Vado in piazzola. Non si parla molto. Sguardi gonfi, voci roche. Saluti borbottati. Monosillabi. Notizia ufficiale: tutti morti.
Dario e Marco. Uuuuuu, prendo fiato.
Fabrizio. Silenzio. Era vero, non era una voce. Trattengo il fiato.
Mi passano davanti agli occhi tutti i visi degli elitecnici che conosco:
Stefano. Uuuuuu. Lascio andare il fiato.
La piazzola non è vuota. C’è Leone. Penso che quell’equipaggio, quegli uomini e donne, che ho davanti agli occhi solo poco prima hanno fatto la missione, forse, più difficile della loro carriera. Il pilota? E il tecnico? Cos’avranno pensato nel vedere Falco lì in quel torrente mentre stavano arrivando? E la Zilio? Pensieri irrazionali si accavallano. E l’infermiere? Poi vedo Piller, la sua espressione mite e penso che la vita gliele mette giù davvero pesanti.

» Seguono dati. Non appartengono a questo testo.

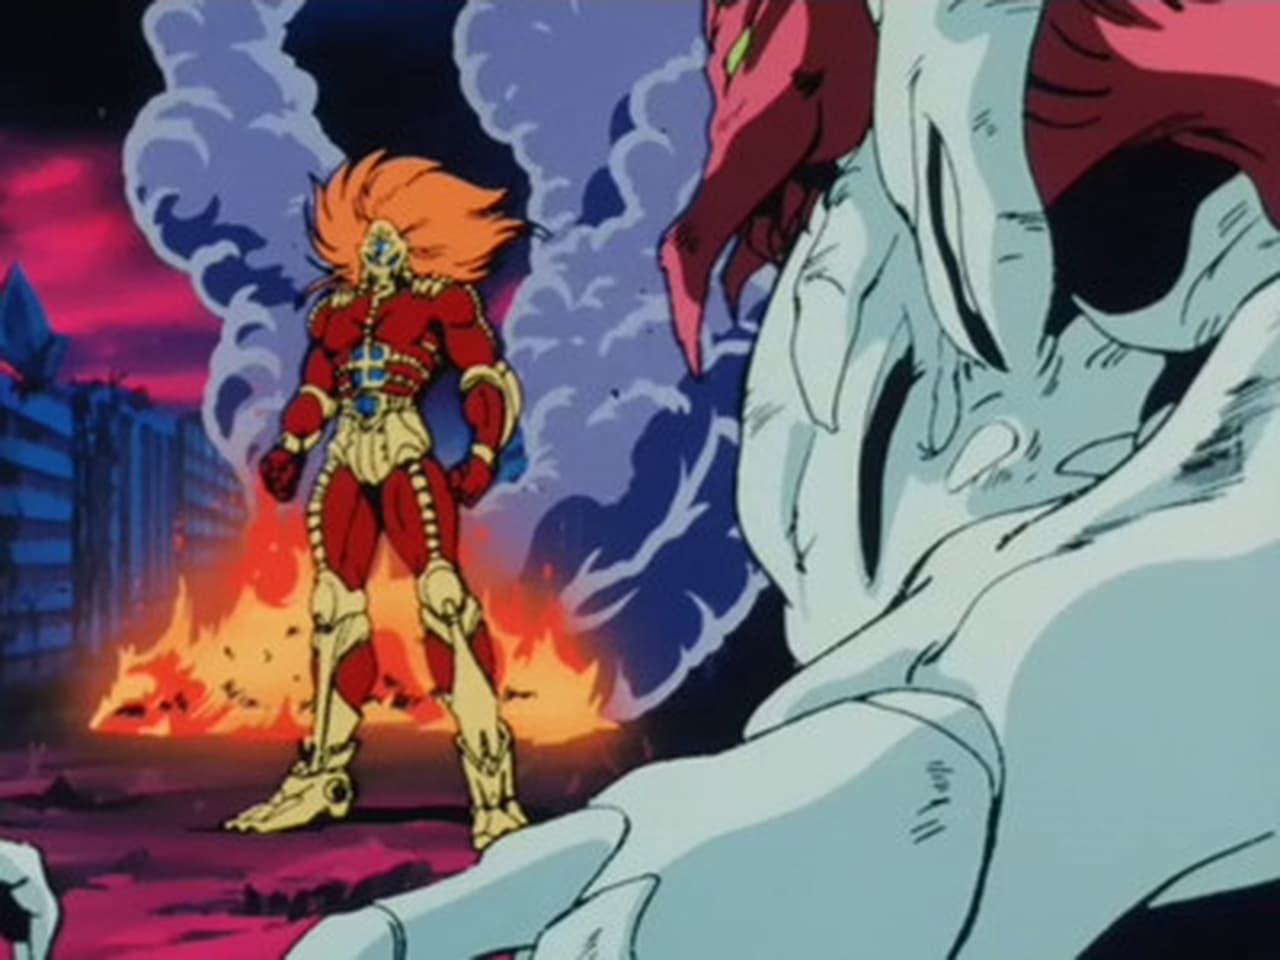 The Raging Bio Armor Liger appears

Leone decolla…no, non è lo stesso rumore.
Non è più quel suono che tanto mi piace ascoltare.

Torno a casa, che ci sto a fare qui? Vorrei andare a salutare quelli della centrale: Emma, Cecilia, Giovanna, il tecnico di centrale e gli altri ma non ho parole da dire, non ce ne sono.

La sera passo per di là, da lontano vedo la piazzola illuminata; il primo pensiero, quello solito: sta arrivando un elicottero. Sono abbastanza conscio da non pensare sia Falco. Penso a Leone. Poi mi dico che il volo notturno non c’è comunque.
La luce strobo accesa, la manica a vento e la piazzola illuminate: erano per Falco quando tirava tardi.
Lo stomaco si accartoccia come una foglia d’autunno.
In mezzo alla piazzola un mazzo di fiori, segno delicato e brutale della realtà.
La gola si chiude in uno spasmo.
Stanotte le luci sono accese, resteranno accese. Falco non tornerà.